Jensen T S, Høye K, Fricová J, Vanelderen P, Ernault E, Siciliano T, Marques S
Department of Neurology, Danish Pain Research Centre, Aarhus University Hospital, Denmark.
Eur J Pain. 2014 Oct;18(9):1240-7. doi: 10.1002/j.1532-2149.2014.00479.x. Epub 2014 Mar 24.
BACKGROUND: Application of the capsaicin 8% patch is associated with treatment-related discomfort. Consequently, pretreatment for 60 min with anaesthetic cream is recommended; however, this may be uncomfortable and time consuming. METHODS: We conducted a multicentre, randomized (1:1), assessor-blinded study in patients with peripheral neuropathic pain to assess tolerability of the capsaicin patch following topical lidocaine (4%) or oral tramadol (50 mg) pretreatment. The primary endpoint was the proportion of patients tolerating capsaicin patch application (ability to receive ≥90% of a 60-min application). Numeric Pain Rating Scale (NPRS) scores were assessed before, during and after treatment. RESULTS: Overall, 122 patients were included (61 per arm). The capsaicin patch was tolerated by 121 patients. Tolerability of the capsaicin patch was similar following pretreatment with lidocaine and tramadol. Following patch application, pain levels increased up to 55 min (change from baseline of 1.3 for lidocaine and 1.4 for tramadol). After patch removal, tramadol-treated patients experienced greater pain relief up to the end of day 1; in the evening, mean changes in NPRS scores from baseline were 0 for lidocaine and -1 for tramadol. Proportions of patients reporting increases of ≥2 NPRS points or >33% from baseline at one or more time point(s) on the day of treatment were similar between arms. Adverse event incidence was comparable between arms. CONCLUSIONS: Capsaicin 8% patch tolerability was similar in the two arms, with comparable results for most secondary endpoints. Tramadol given 30 min before patch application should be considered as an alternative pretreatment option in patients receiving capsaicin patch treatment.

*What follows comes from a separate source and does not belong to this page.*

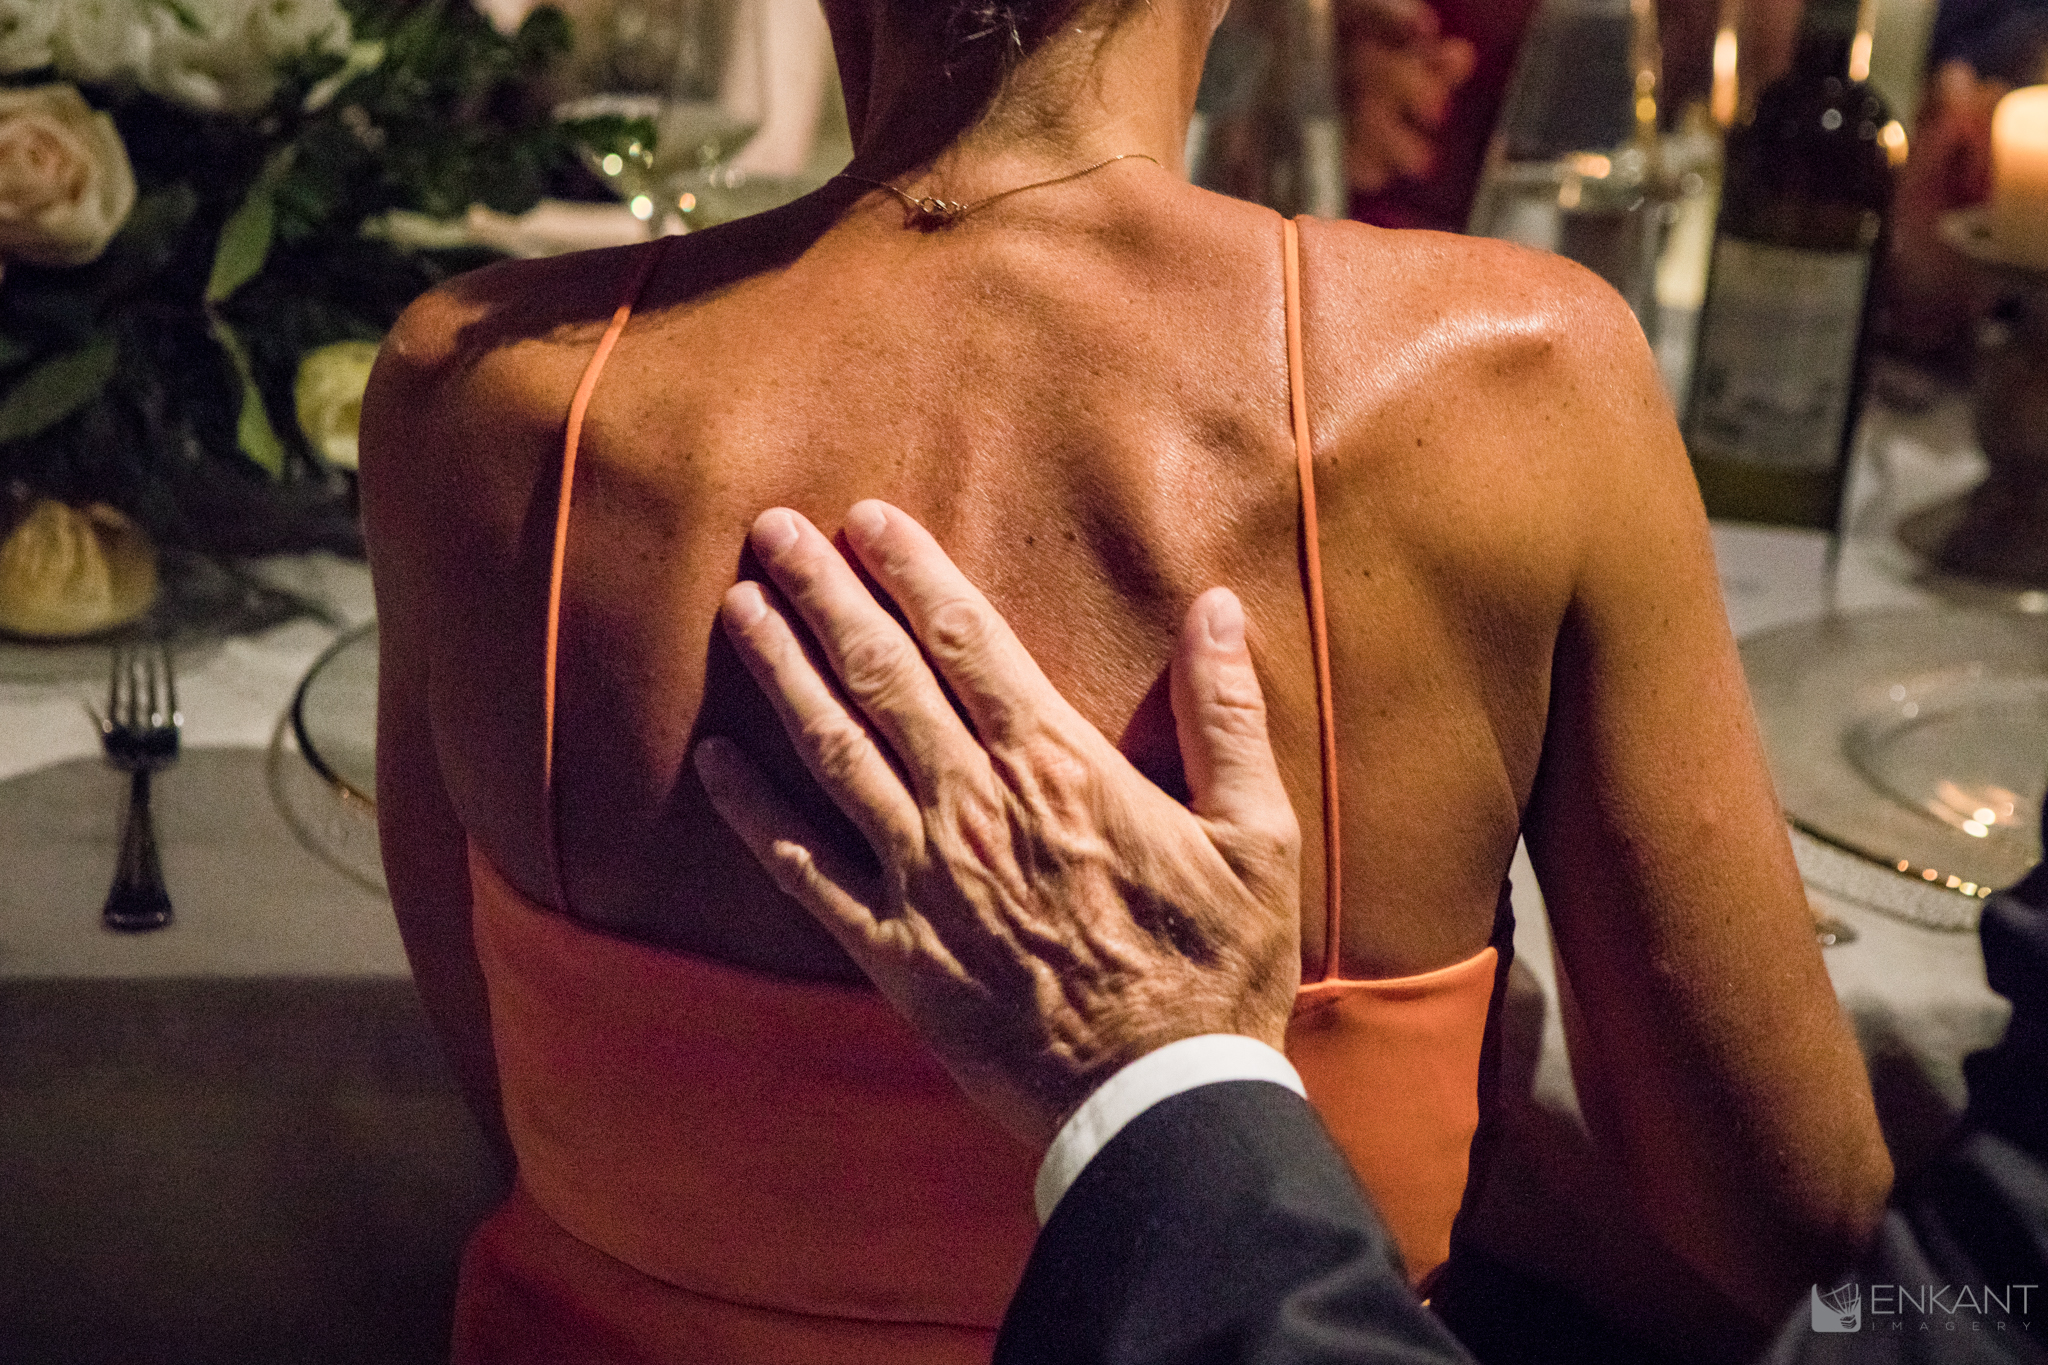 foto-matrimonio-enkant-noto-dimoradellebalze-47.jpg
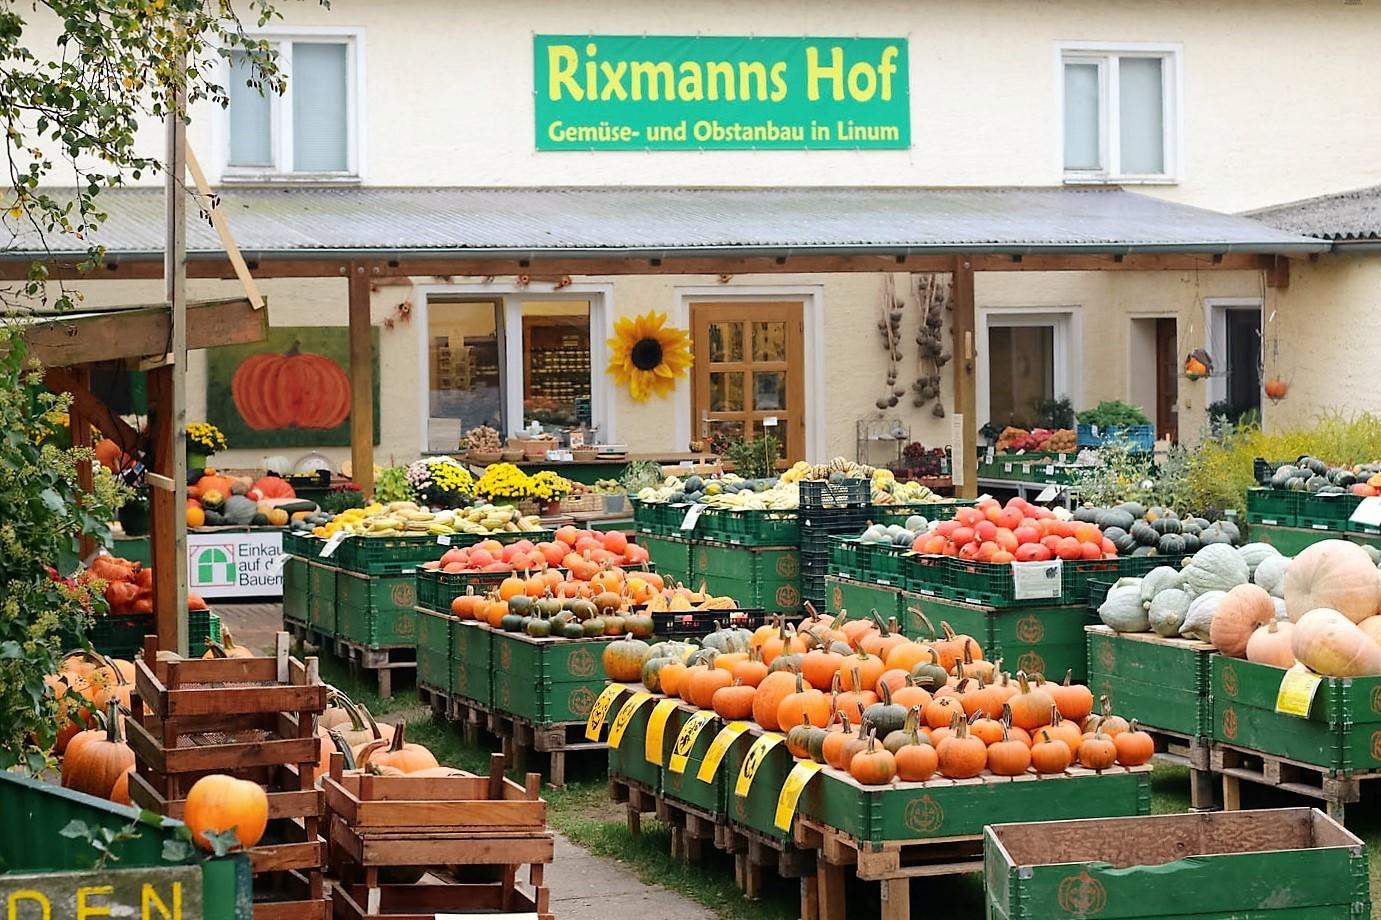 Rixxmanns Hof Linum

背景:8%辣椒素贴剂的应用与治疗相关的不适有关。因此,建议使用麻醉乳膏预处理60分钟;然而,这可能会带来不适且耗时。 方法:我们对周围神经性疼痛患者进行了一项多中心、随机(1:1)、评估者盲法研究,以评估局部用利多卡因(4%)或口服曲马多(50毫克)预处理后辣椒素贴剂的耐受性。主要终点是能够耐受辣椒素贴剂应用的患者比例(能够接受60分钟应用的≥90%)。在治疗前、治疗期间和治疗后评估数字疼痛评分量表(NPRS)得分。 结果:总共纳入了122例患者(每组61例)。121例患者耐受了辣椒素贴剂。利多卡因和曲马多预处理后辣椒素贴剂的耐受性相似。贴剂应用后,疼痛水平在55分钟内升高(利多卡因组从基线变化1.3,曲马多组从基线变化1.4)。去除贴剂后,曲马多治疗的患者在第1天结束时疼痛缓解更明显;晚上,利多卡因组NPRS得分相对于基线的平均变化为0,曲马多组为-1。在治疗当天的一个或多个时间点报告NPRS得分较基线增加≥2分或>33%的患者比例在两组之间相似。两组不良事件发生率相当。 结论:两组中8%辣椒素贴剂的耐受性相似,大多数次要终点结果相当。在接受辣椒素贴剂治疗的患者中,贴剂应用前30分钟给予曲马多应被视为一种替代预处理选择。